The main objective of the trial was response to DAC. Secondary objectives included response duration, OS, and biologic parameters that could affect efficacy of DAC. The sample size (n = 41) was determined using Flemming single-stage design to detect an overall response rate > 35% with 80% power and a level of α = 5% (2-sided test). The trial was approved by the ethical committee of Dijon and registered at eudract.ema.europa.eu as EudraCT #2008–000470–21.

Patients received DAC (Janssen Cilag) 20 mg/m² per day intravenously for 5 days every 28 days for at least 3 cycles. Responders were to continue treatment until progression. In case of grade 4 toxicity, according to National Cancer Institute toxicity criteria (Common Terminology Criteria for Adverse Events, Version 3.0), except for neutropenia and/or thrombocytopenia, cycles could be delayed up to 49 days.
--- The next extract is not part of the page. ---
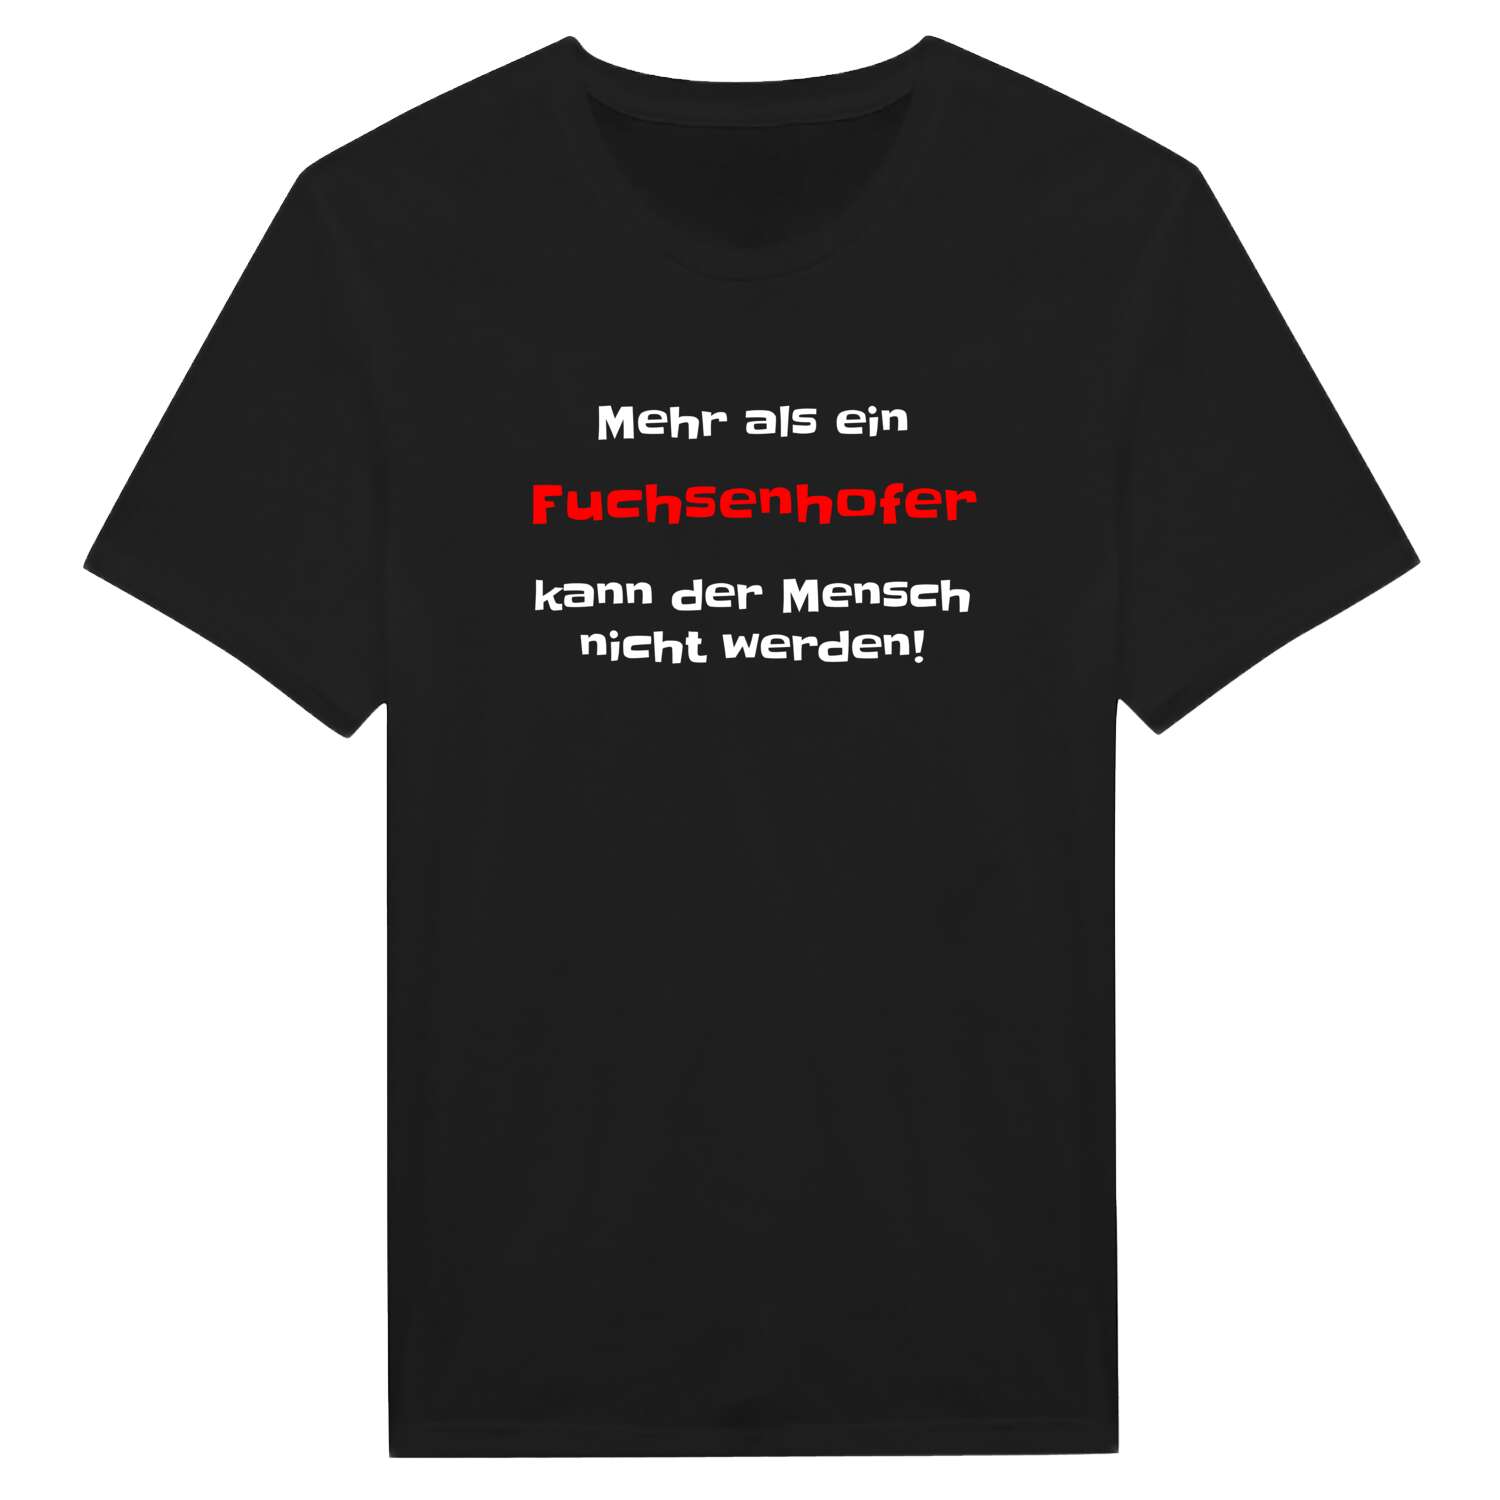 Fuchsenhof T-Shirt »Mehr als ein«

In case of response, subsequent cycles were to be repeated every 28 to 49 days. Complete blood count was monitored weekly during the treatment period. The use of granulocytic colony-stimulating factor and erythropoietin was allowed in case of febrile neutropenia or grade 3 or 4 neutropenia and/or red blood cell transfusion-dependent (RBC-TD) anemia. Grade 3 and 4 neutropenia was defined by an absolute neutrophil count between 0.5 and 1 g/L and < 0.5 g/L, respectively. Grade 3 and 4 thrombocytopenia was defined by a platelet count between 25 and 50 g/L and < 25 g/L, respectively. RBC transfusion thresholds were Hb level < 8 g/dL, or 9 to 10 g/dL in case of severe infection, underlying cardiac or pulmonary disease, or severe symptoms of anemia. Platelet transfusion thresholds were a platelet count < 20 g/L or higher in case of fever, rapid platelet decrease, mucositis, and concomitant coagulopathy. BM aspirate and blood samples were collected systematically for biologic studies before the first cycle, and blood samples were collected every 3 cycles until progression. Patients signed an independent informed consent for these associated studies.
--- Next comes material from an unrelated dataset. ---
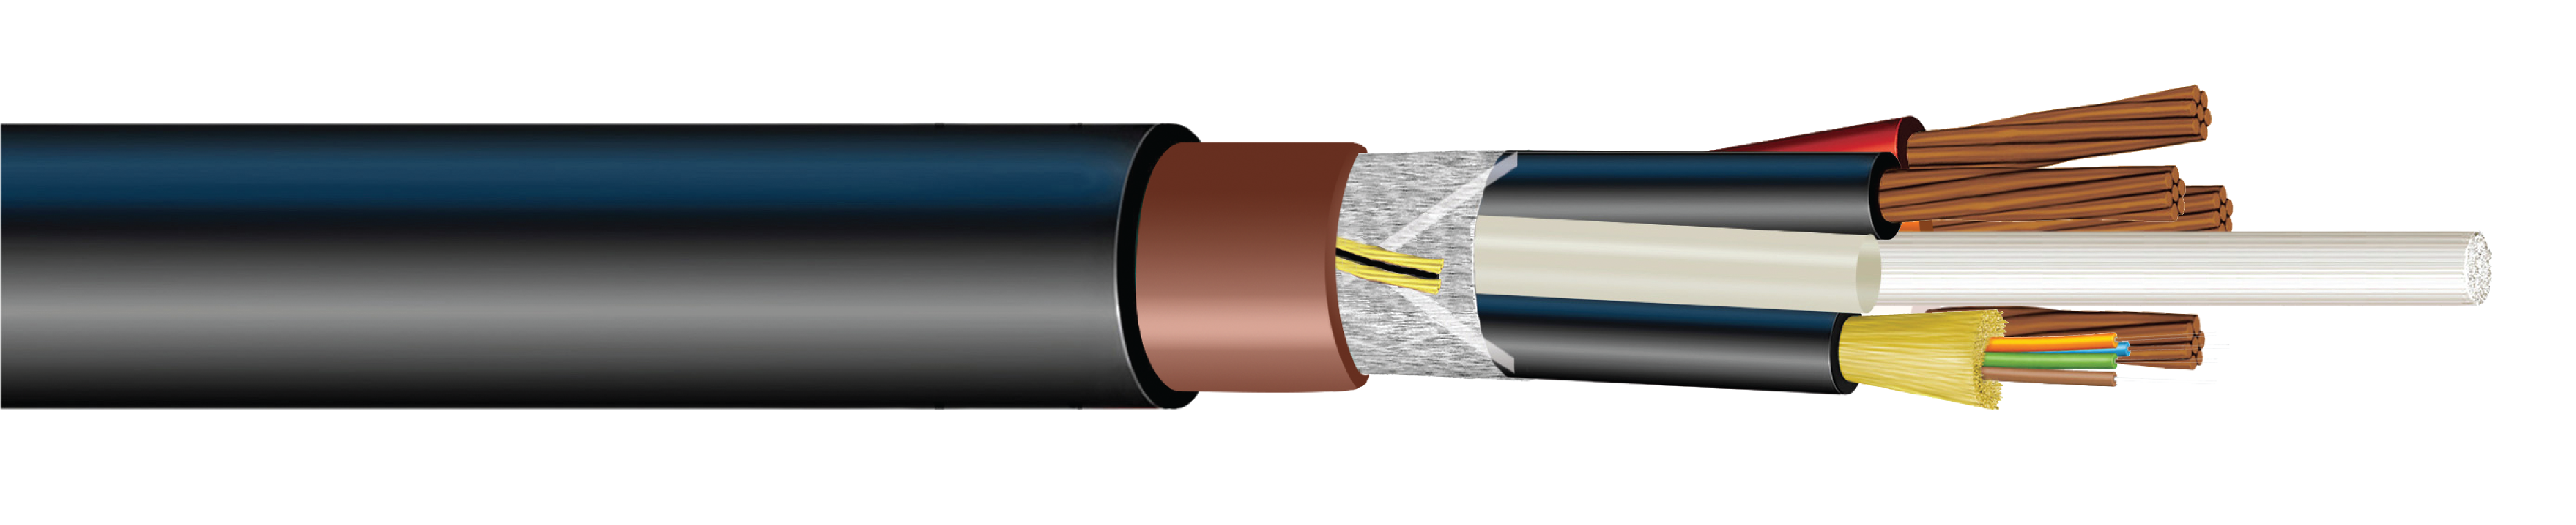 Hybrid Fiber-Copper Cable Fiber and Copper FTTA Wireless Cable

Responses, including complete remission (CR), partial response, marrow CR, and stable disease (SD) with hematologic improvement (HI) were defined according to International Working Group (IWG) 2006 criteria and evaluated every 3 cycles. Patients with SD without HI were allowed to continue DAC until progression. In accordance with IWG 2006 criteria, complete cytogenetic response was defined by the disappearance of all chromosomal abnormalities without appearance of new ones, and partial cytogenetic response by at least a 50% reduction of the number of mitoses with any chromosomal abnormality.
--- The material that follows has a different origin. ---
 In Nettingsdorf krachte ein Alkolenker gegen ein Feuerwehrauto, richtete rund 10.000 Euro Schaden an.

Mononuclear cells were selected from blood samples collected on ethylenediaminetetraacetic acid by Fycoll Hypaque, washed with ice-cold phosphate-buffered saline, and incubated at 4°C for 1 hour in 100 μL of phosphate-buffered saline containing 0.1% BSA with a combination of PE-conjugated mouse anti-CD14 and FITC-conjugated mouse anti-CD24 antibodies. Negative controls were obtained by substitution of the monoclonal antibody by allophycocyanin- and PE-conjugated mouse IgG₁ control antibodies (BD Biosciences PharMingen). After phosphate-buffered saline wash, cells were fixed in 2% paraformaldehyde and analyzed with a LSRII (LSRII; BD Biosciences) by analyzing a total of 10 000 events per sample using FlowJo 9.2 software. CD14⁺CD24⁻ cells were considered as monocytes and CD14⁻CD24⁺ cells as immature granulocytes.²  We also used the AutoMacs system (Miltenyi Biotec) to enrich CD14⁺ population from healthy donor and CMML PB samples as described.² 

DNA was extracted from CD14⁺ sorted monocytes using commercial kits (Norgen Biotek) and submitted to whole genome amplification (GenomePlex, Sigma-Aldrich). FLT3 internal tandem duplications (FLT3-ITD) were detected by PCR and fragment analysis using a fluorescently labeled forward primer. PCR products were subjected to capillary electrophoresis on denaturing polyacrylamide gel and analyzed by the CEQ 8000 Genetic Analysis System (Beckman Coulter). Data were processed using Genetic Analysis System Software (Beckman Coulter). FLT3 tyrosine kinase domain mutations (FLT3^D835/I836) were screened by PCR and EcoRV restriction enzyme digestion, with subsequent direct sequencing for samples showing an abnormal profile. The screening of NRAS and KRAS mutations was performed by melting curve analysis on the LightCycler 480 instrument (Roche Diagnostics). Data were analyzed using the LightCycler, Version 1.5 software (Roche Diagnostics). All suspected mutations were confirmed by direct sequencing. JAK2^V617F mutation analysis was performed by TaqMan single nucleotide polymorphism genotyping assay using the JAK2 MutaScreen kit (Ipsogen). Real-time PCR assays were performed on an ABI PRISM 7900HT (Applied Biosystems). Screening for mutations in TET2 exon 3 to exon 11, c-CBL exons 8 and 9, RUNX1 exon 3 to exon 8, and ASXL1 exon 12 was performed by bidirectional direct sequencing, as described elsewhere.^12,13,28  Seqscape (Applied Biosystems) was used to detect sequence variations. Gene abnormalities were numbered according to EMBL nucleotide sequence database. Patients with TET2 nonsense or frameshift variations were considered as TET2 mutated, whereas patients with no or missense variations were considered as wild-type as described.¹⁴  The most common ASXL1 variant c.1934dupG;p.Gly646TrpfsX12 was considered as a mutation.²⁹  Previously annotated single nucleotide polymorphisms (http://www.hapmap.org) were not considered pathogenic.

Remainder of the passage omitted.